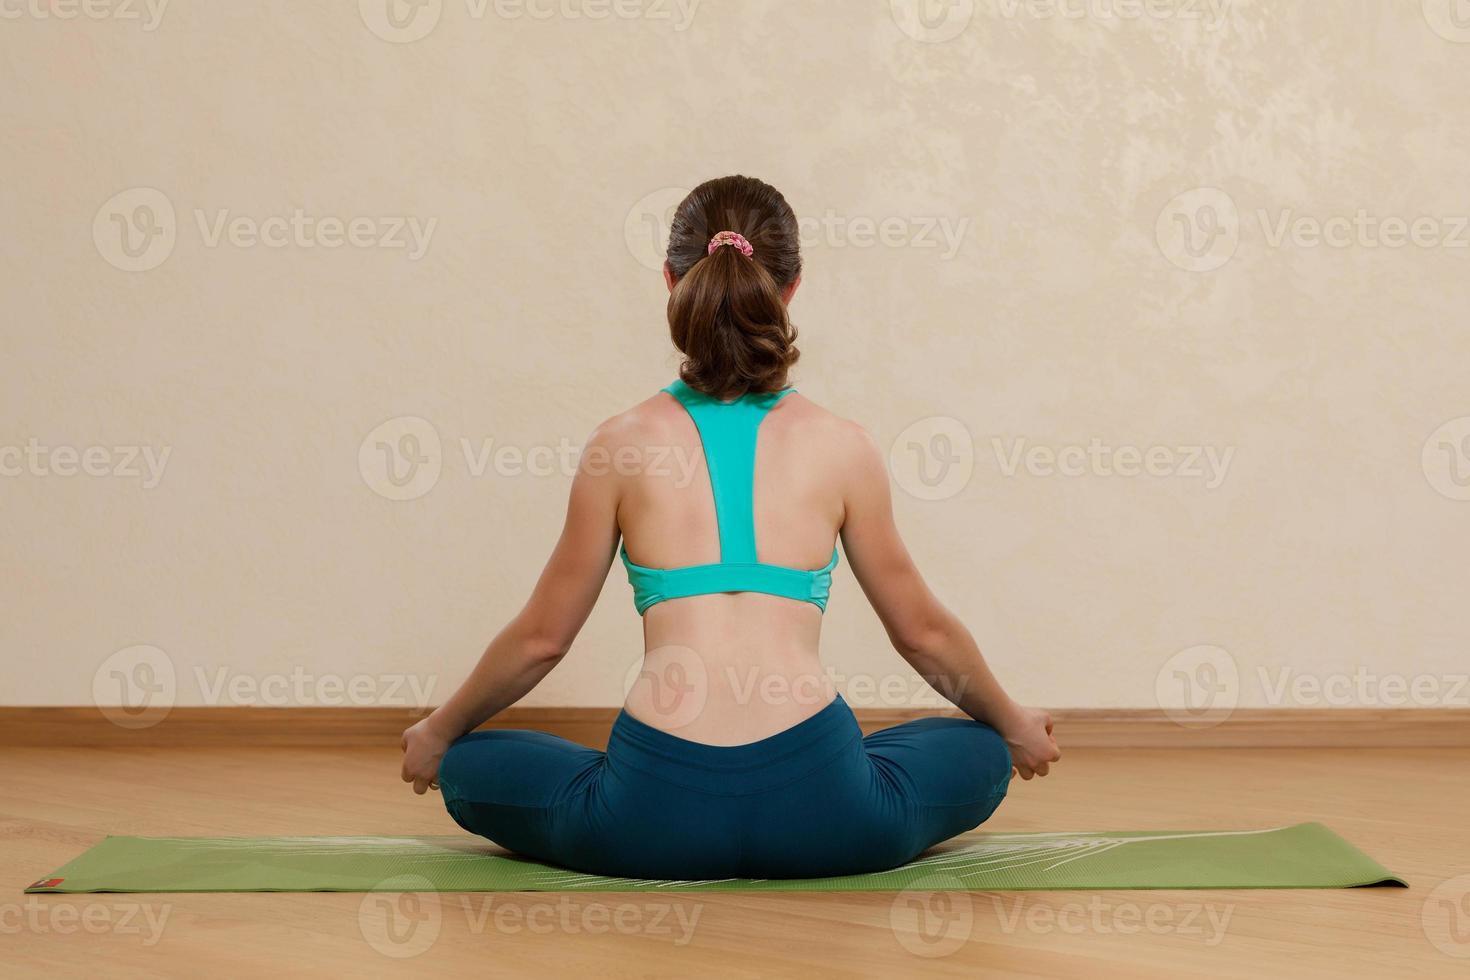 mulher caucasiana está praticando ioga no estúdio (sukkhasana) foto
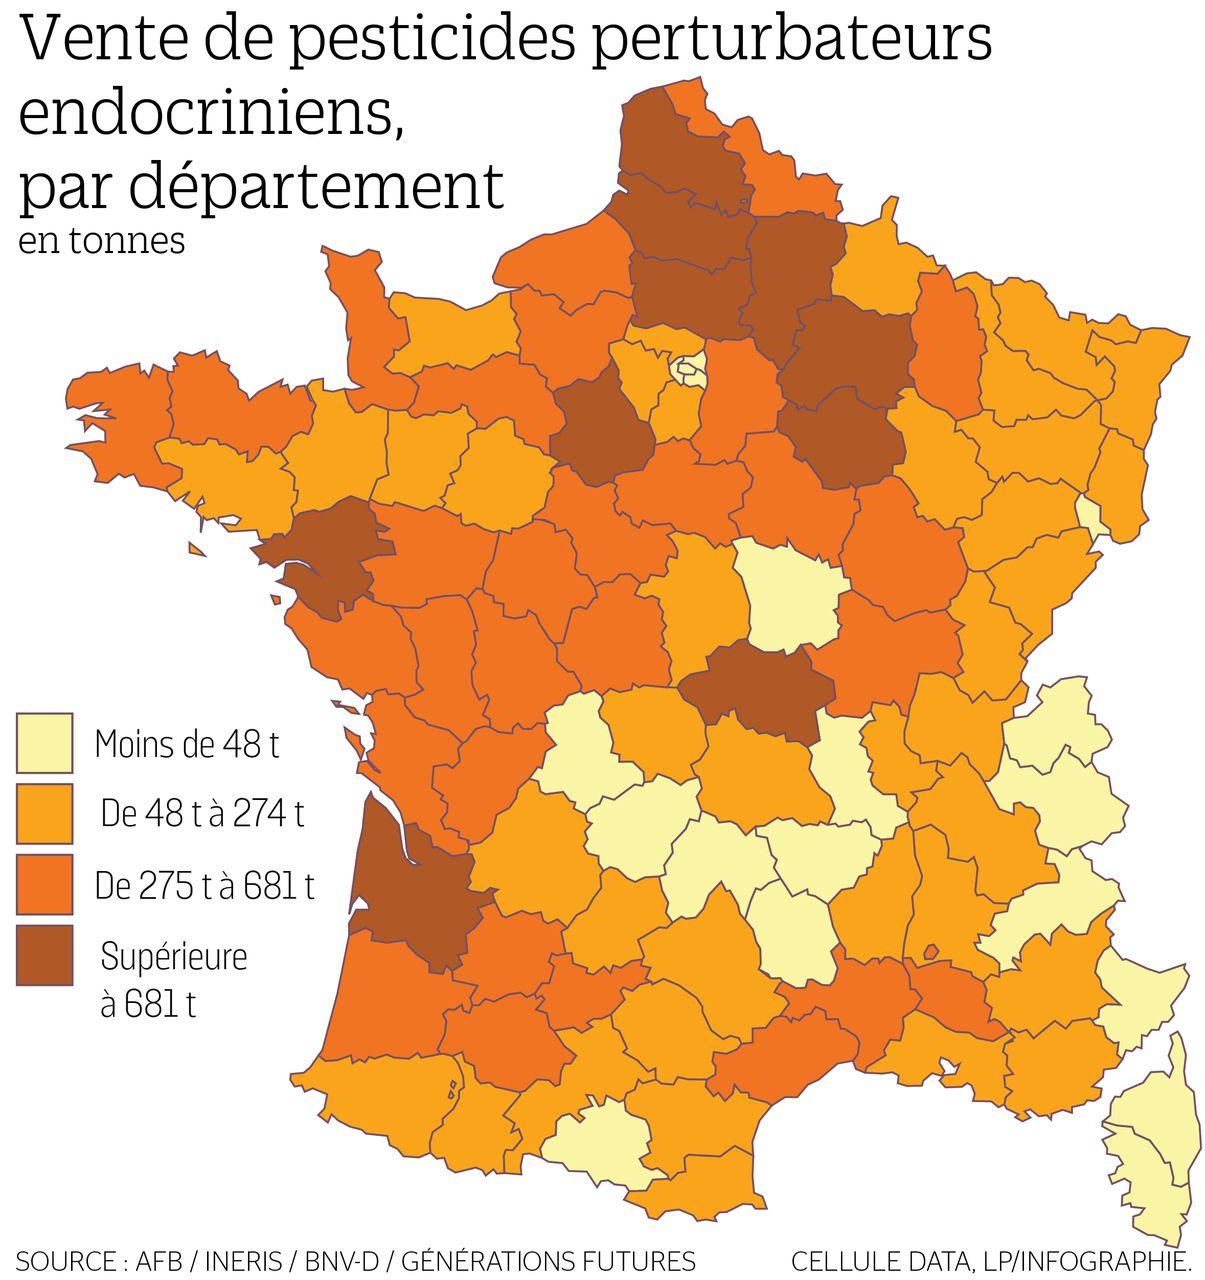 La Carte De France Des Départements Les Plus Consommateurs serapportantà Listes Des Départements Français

◇ ◇ ◇ ◇ ◇ ◇ ◇

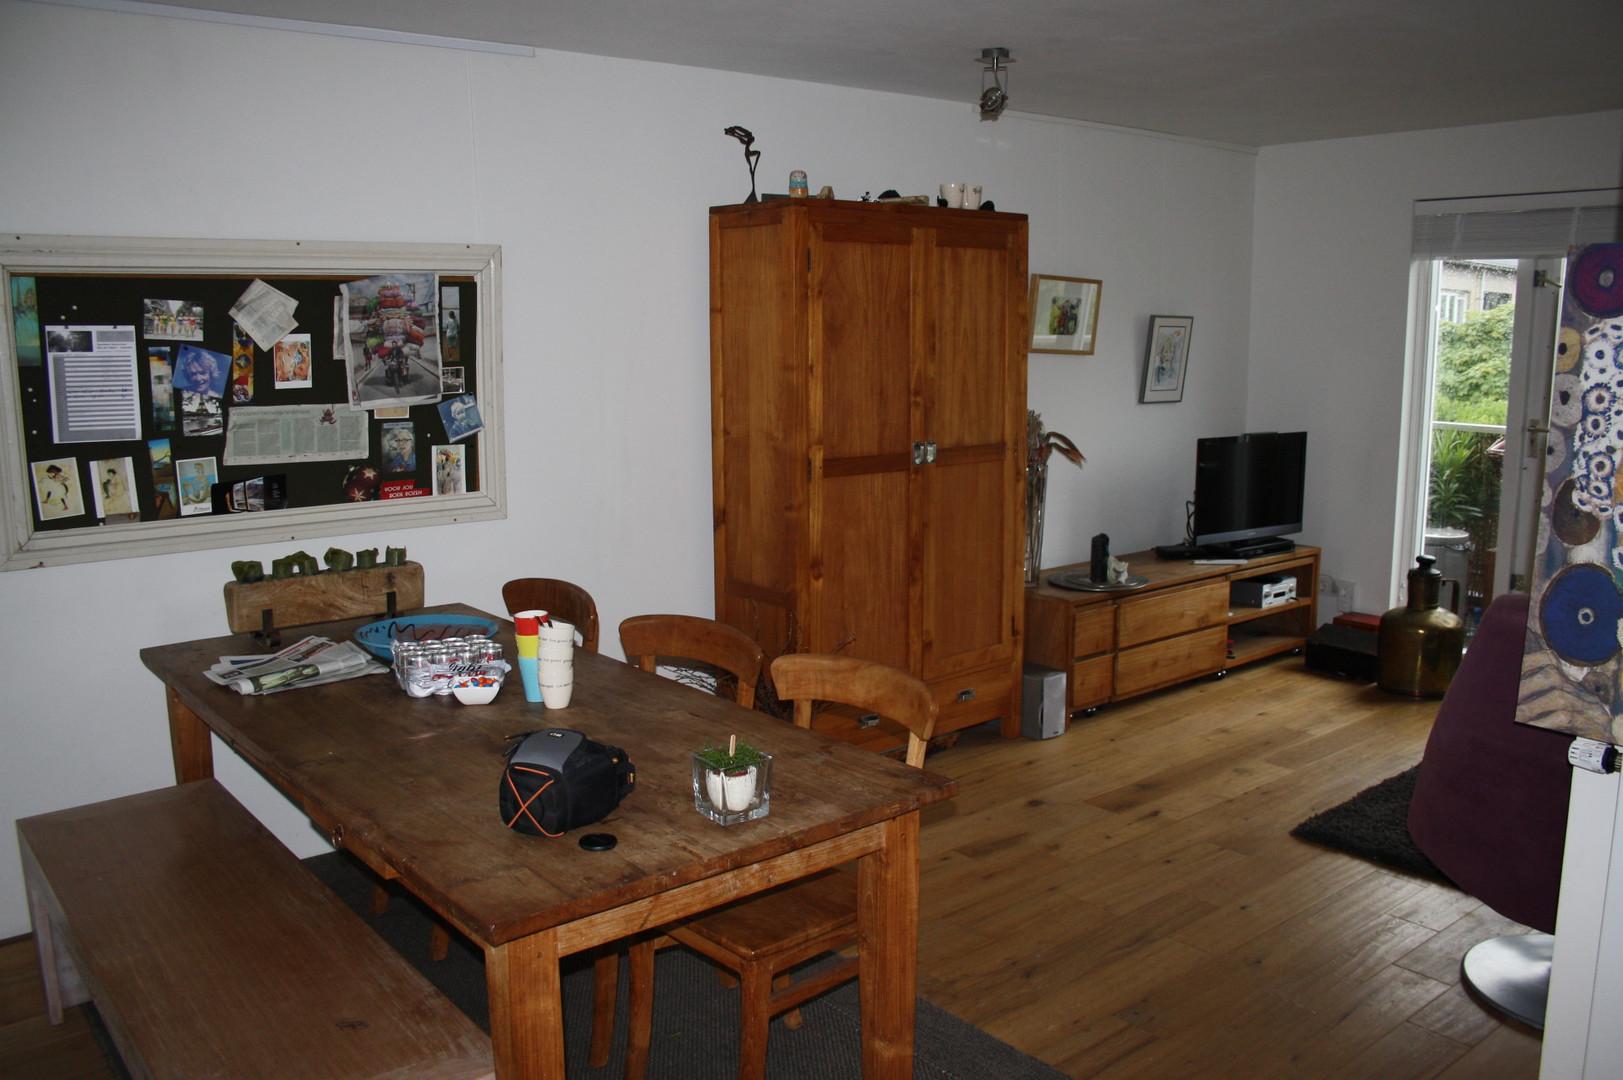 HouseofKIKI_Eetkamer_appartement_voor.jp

◇ ◇ ◇ ◇ ◇ ◇ ◇

#### Work request:
Whatever pictures the records hold, omit them; give again exactly the lines from the one containing "mulher caucasiana está" through the one containing "La Carte De".

#### Result below:
 mulher caucasiana está praticando ioga no estúdio (sukkhasana) foto
 La Carte De France Des Départements Les Plus Consommateurs serapportantà Listes Des Départements Français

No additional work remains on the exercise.